Sadullah ÇAĞLAR


CHP’DE BİR SEÇİM SUÇLUSU ARANIYOR

Sadullah ÇAĞLAR


Siyasal mücadele sürecinde en çok siyasi parti başkanları sorgulanır. Liderin geçmiş başarısı kısa zamanda unutulur.

Türkiye’de yapılan son genel seçimde ana muhalefet partisinde, yenilginin faturası genel başkanın önüne konuldu.

Sonraki günlerde bazı kolaycı kişiler, yenilginin faturasını Genel Başkan Kemal Kılıçdaroğlu’nun önüne koydular. Elbette, bir parti içinde eleştiriler olacaktır. Bu gayet doğal.

Acaba, genel seçimler eşitlik içinde mi geçti? Bu hiç tartışma konusu olmadı.

Genel olarak liderler tartışma konusu olur. Peki liderler hangi partilerde eleştirilmez, ya da tartışma konusu olmaz?

Ana muhalefet CHP’de ilk hedef genel başkan oldu.

Yakın tarihte, ülke genelinde 2019 yılında yapılan seçimlerde tüm büyük şehirlerde örneğin İstanbul, Ankara, İzmir, Adana, Mersin, Antalya, Hatay, Edirne’de tümüyle seçimleri CHP kazandı ve en önemlisi Demokrat Parti’nin simgesi, eski Başbakan Adnan Menderes’in Aydın kentinde CHP’nin belediye başkanlığı seçimini kazanması aslında büyük bir yenilikti.

2019 belediye seçimleri öncesi büyük kentlerin başkan adaylıklarında özellikle Genel Başkan Kılıçdaroğlu, kendini ortaya koyarak belirleyici oldu. Bu gelişim CHP’nin yakın tarihinde, yüzde 10 barajı aşamayan bu partinin geleceği açısından yeniden ayağa kalkışıydı.

Bu görkemli ayağa kalkış ne çabuk unutuldu?

Geçmişteki CHP-SHP İstanbul, Ankara seçim yenilgisi kimlerin eseri?

Murat Karayalçın ve dönemin CHP yönetiminin sorumluluğu var mıydı?

Sayın Karayalçın’ın 28 Mayıs seçim yenilgisi sonucu televizyona çıkıp, bize göre inanılmaz bir mücadele örneği veren Kılıçdaroğlu’na eleştiri getirmesi hiç yakışık değildi. Gerçeği konuşmak gerek. CHP kimliği altında 6’lı masada partinin kazanımından rahatsız olan kişiler, seçime yakın günlerde bazen sol kimliğe bürünen profesörler ya da akademisyenler ve Cumhuriyet Gazetesi yazarları, herkesi saf zanneden sözde Kemalist yada Kemalist kimlikli yazarlar…

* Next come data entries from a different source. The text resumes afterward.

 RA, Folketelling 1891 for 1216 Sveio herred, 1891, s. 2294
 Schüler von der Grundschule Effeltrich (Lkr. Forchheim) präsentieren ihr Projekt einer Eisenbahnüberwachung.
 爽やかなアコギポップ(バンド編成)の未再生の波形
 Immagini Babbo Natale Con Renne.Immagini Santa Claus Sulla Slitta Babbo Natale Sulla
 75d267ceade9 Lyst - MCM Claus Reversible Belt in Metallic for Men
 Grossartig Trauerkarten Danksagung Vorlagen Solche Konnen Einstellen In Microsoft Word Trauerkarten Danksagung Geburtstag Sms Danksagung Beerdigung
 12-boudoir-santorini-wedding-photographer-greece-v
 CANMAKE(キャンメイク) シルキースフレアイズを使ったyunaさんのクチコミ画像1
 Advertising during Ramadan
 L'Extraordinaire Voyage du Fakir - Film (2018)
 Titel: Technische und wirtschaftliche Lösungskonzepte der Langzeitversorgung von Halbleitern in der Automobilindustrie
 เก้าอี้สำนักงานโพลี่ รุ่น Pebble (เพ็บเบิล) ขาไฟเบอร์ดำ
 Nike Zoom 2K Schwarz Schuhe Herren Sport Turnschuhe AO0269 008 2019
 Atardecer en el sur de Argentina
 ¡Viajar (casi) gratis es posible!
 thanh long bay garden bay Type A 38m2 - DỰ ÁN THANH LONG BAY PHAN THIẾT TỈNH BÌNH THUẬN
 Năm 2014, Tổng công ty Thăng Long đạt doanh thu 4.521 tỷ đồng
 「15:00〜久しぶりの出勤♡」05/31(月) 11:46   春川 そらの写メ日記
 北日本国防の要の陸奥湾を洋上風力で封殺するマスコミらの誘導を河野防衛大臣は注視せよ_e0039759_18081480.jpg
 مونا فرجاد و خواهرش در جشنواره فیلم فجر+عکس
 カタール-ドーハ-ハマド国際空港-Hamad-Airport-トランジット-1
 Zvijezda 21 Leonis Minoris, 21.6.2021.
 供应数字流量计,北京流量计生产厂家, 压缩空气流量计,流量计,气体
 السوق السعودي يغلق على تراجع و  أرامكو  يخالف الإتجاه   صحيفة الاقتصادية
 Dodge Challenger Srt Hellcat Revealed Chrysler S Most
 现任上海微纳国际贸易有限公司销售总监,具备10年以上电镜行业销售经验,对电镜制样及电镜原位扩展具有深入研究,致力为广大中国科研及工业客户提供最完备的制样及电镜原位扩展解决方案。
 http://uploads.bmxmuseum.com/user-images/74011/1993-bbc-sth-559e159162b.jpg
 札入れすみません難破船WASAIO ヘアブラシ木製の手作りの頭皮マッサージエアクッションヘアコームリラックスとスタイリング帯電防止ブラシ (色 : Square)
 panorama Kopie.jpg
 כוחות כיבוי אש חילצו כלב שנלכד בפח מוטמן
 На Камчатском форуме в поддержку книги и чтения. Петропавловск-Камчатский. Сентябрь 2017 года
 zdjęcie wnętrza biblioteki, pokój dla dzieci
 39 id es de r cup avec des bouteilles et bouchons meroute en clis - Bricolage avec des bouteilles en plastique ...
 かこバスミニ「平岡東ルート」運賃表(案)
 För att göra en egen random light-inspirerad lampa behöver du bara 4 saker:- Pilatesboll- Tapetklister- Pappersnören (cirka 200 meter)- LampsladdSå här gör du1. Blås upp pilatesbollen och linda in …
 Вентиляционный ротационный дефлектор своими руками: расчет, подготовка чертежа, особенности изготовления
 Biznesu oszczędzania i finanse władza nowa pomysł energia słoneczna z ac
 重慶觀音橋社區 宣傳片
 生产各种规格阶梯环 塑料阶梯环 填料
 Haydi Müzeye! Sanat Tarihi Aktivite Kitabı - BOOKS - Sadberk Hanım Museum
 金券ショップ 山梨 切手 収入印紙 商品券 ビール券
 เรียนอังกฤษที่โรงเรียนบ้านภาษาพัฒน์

Üstelik bunlar yakın tarihle ilgili kitap yazanlar.

Seçim çalışmaları döneminde CHP’nin geçmiş 1940 döneminde Dünya savaşında partinin ülkeyi savaşın dışında mucize denen diploması ile Dünya ülkelerinin bilim adamları tarafından takdirle anılan politikayı hiç mi hiç ortaya çıkarmadılar, ortaya koymaktan sanki kaçındılar.

O çok bilmişler, yazılarında ya da söyleyişlerini ‘biz söylemiştik’ lafıyla geçmiş dönemleri eleştiren, CHP’nin geçmişte hiç seçim kazanmadığını yazan;

Sayın başlar söyler misiniz, siz kimden yanasınız?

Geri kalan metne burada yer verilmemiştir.